--- Dataset extract Enclosed Below ---
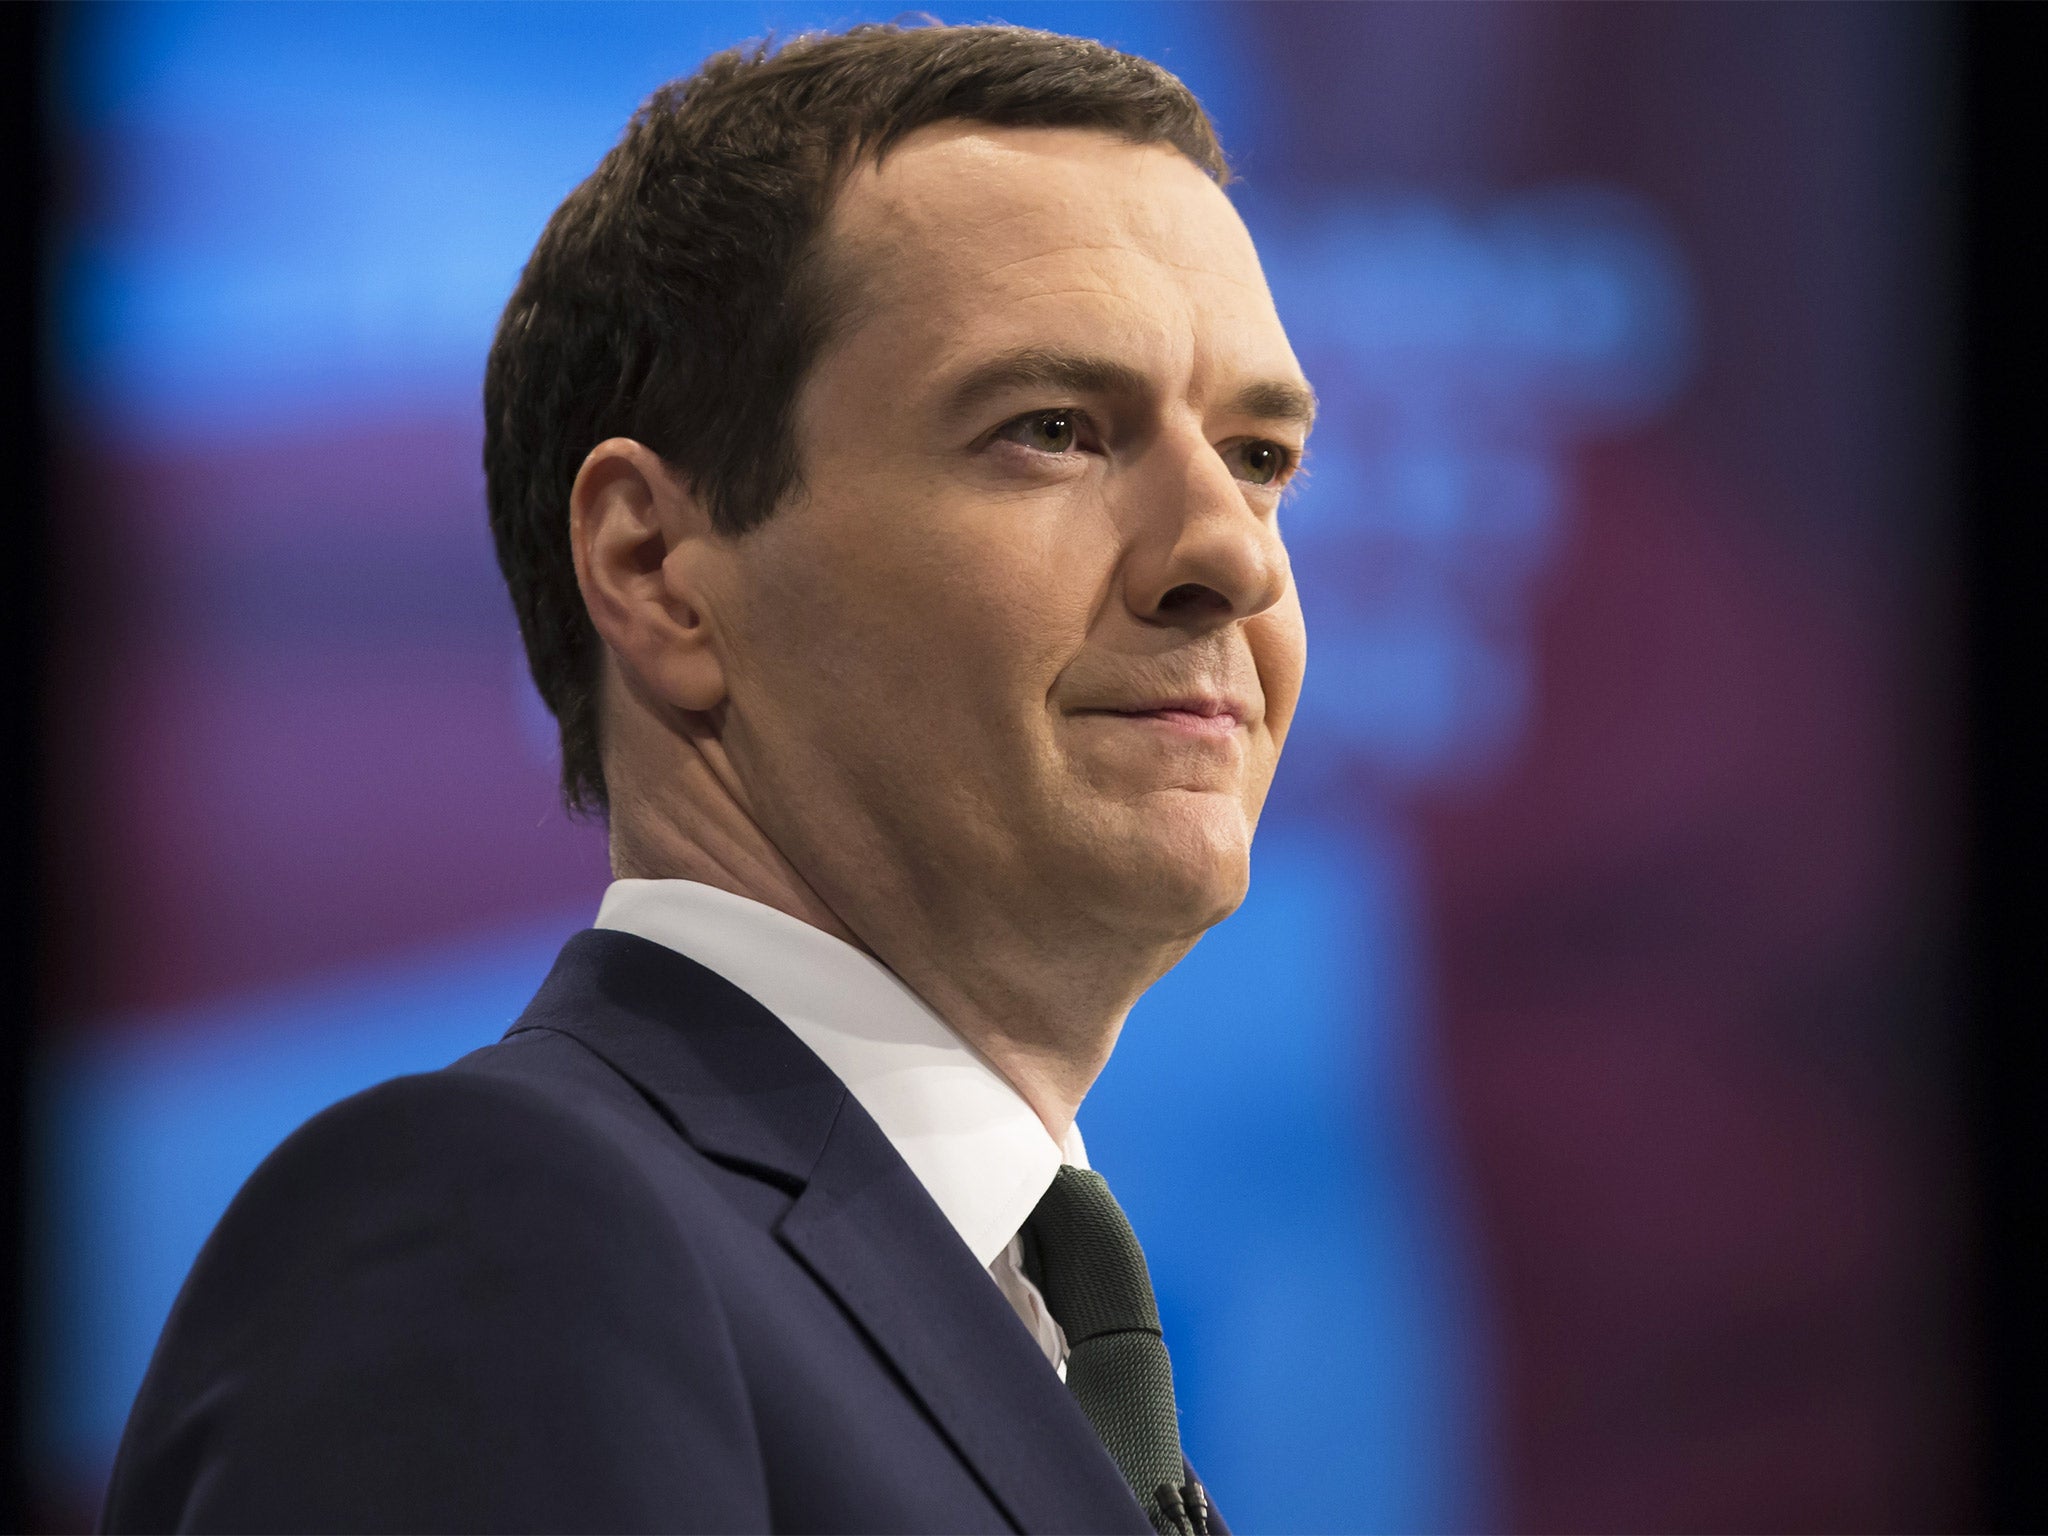 The Chancellor has said his pledge will be funded by putting to good use some of the money paid in fines by banks caught up in the Libor rate-rigging scandal.
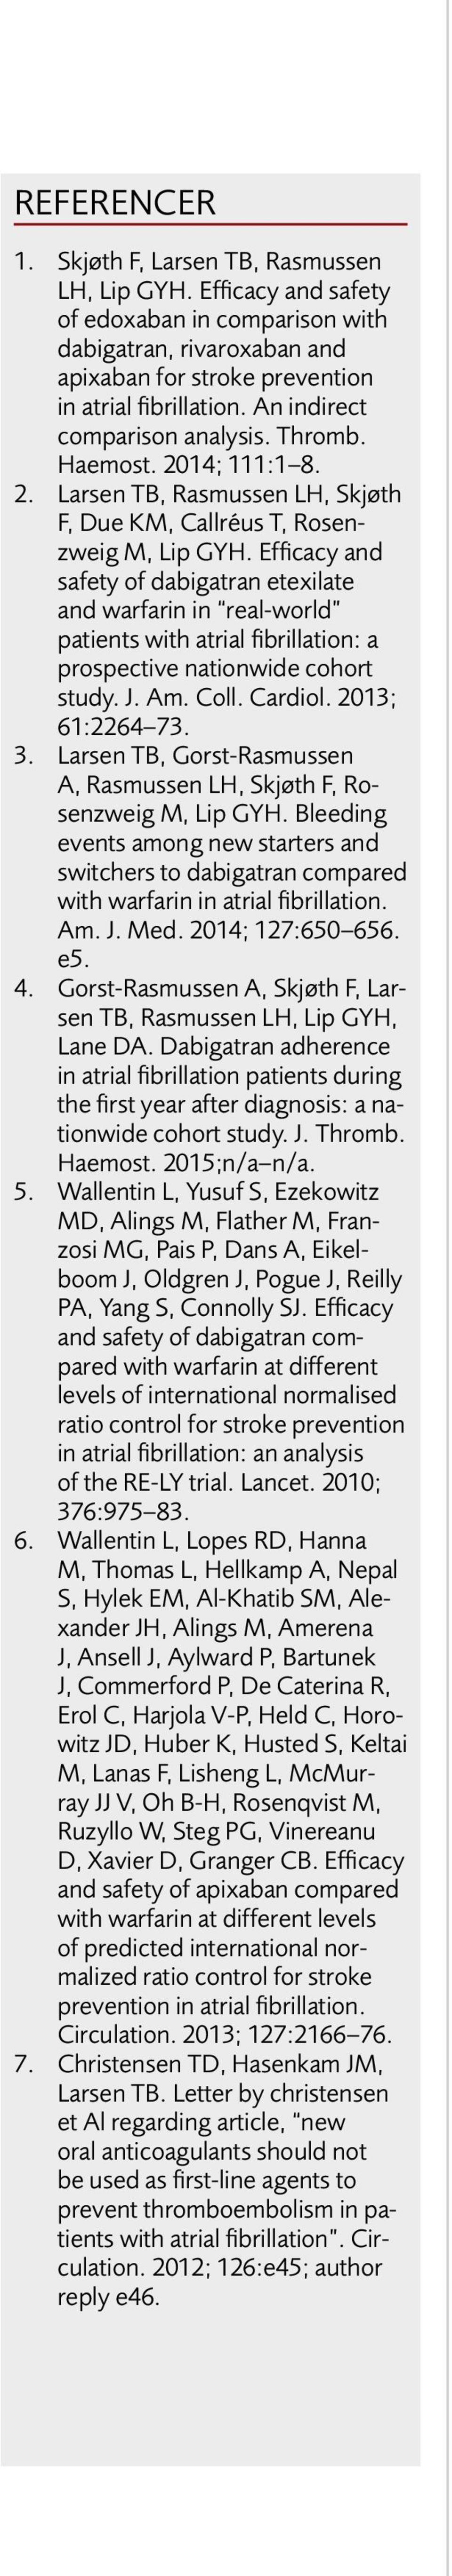 Efficacy and safety of dabigatran etexilate and warfarin in real-world patients with atrial fibrillation: a prospective nationwide cohort study. J. Am. Coll. Cardiol. 2013; 61:2264 73. 3.
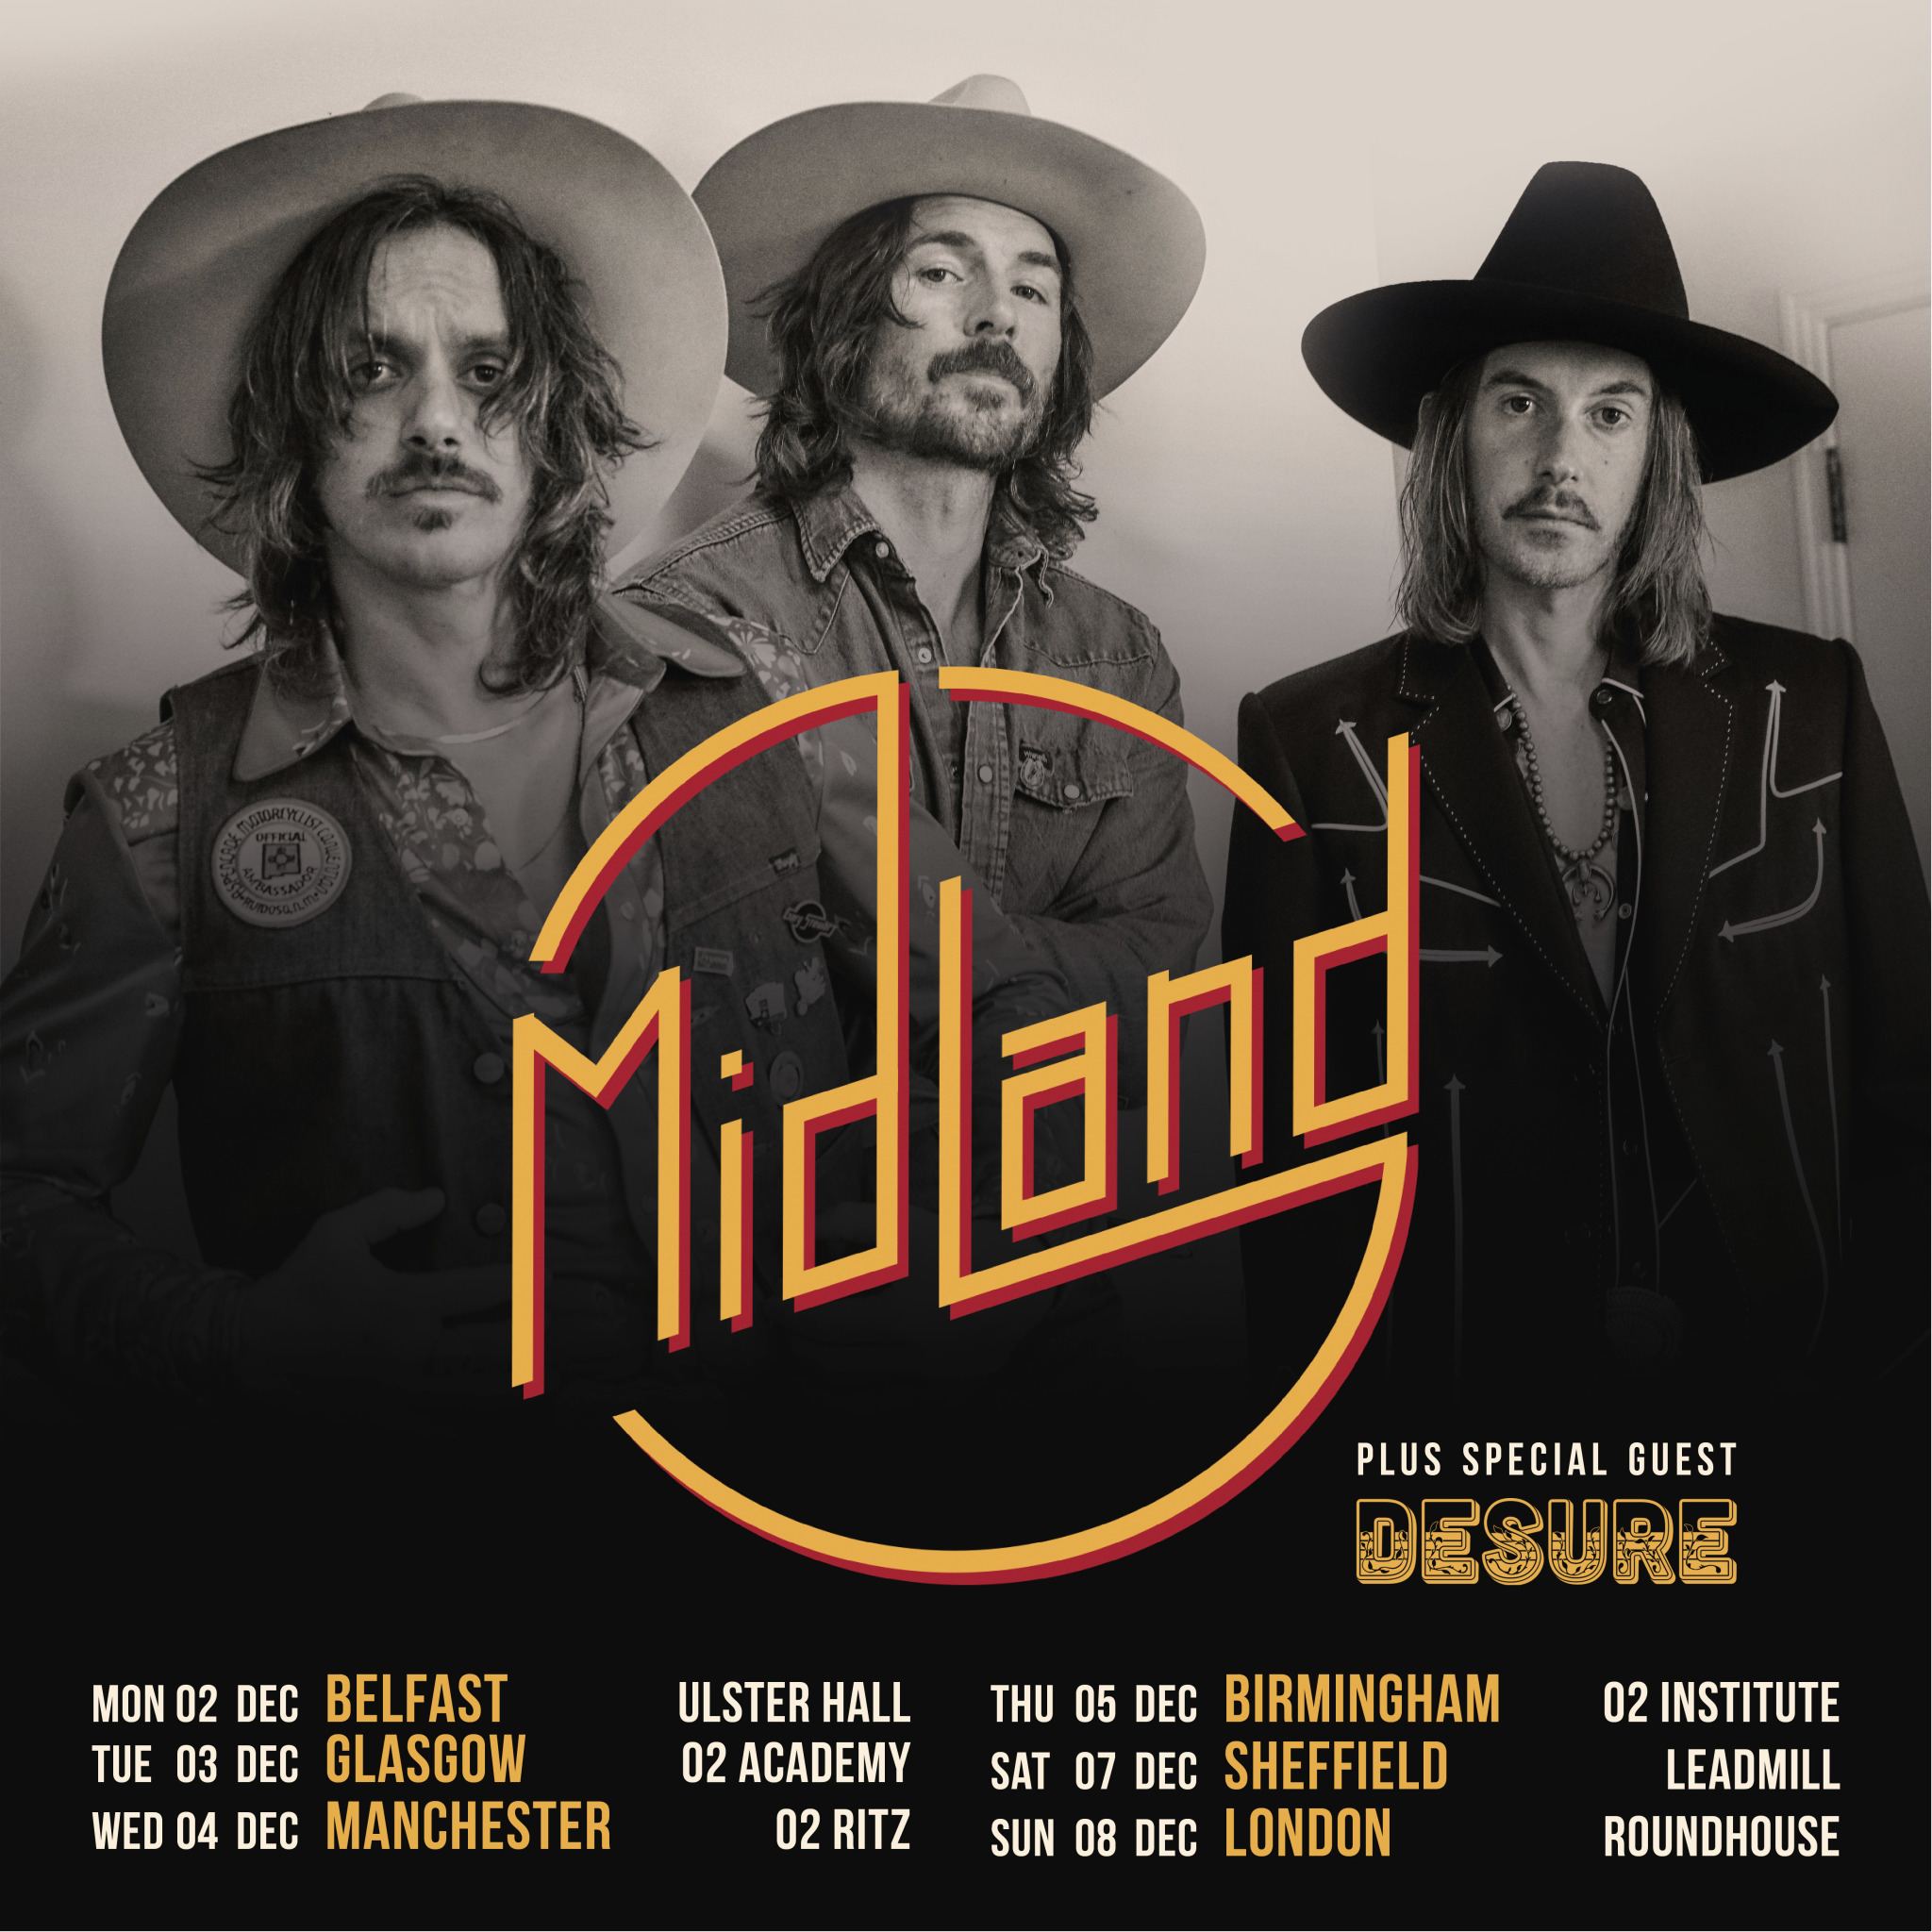 Midland announces headlining UK dates in December Country’s Chatter
--- End of Enclosed Dataset extract ---
§ What is expected: Every line of the material above should be repeated exactly, except for the pictures.

§ Written response:
 The Chancellor has said his pledge will be funded by putting to good use some of the money paid in fines by banks caught up in the Libor rate-rigging scandal.
 Efficacy and safety of dabigatran etexilate and warfarin in real-world patients with atrial fibrillation: a prospective nationwide cohort study. J. Am. Coll. Cardiol. 2013; 61:2264 73. 3.
 Midland announces headlining UK dates in December Country’s Chatter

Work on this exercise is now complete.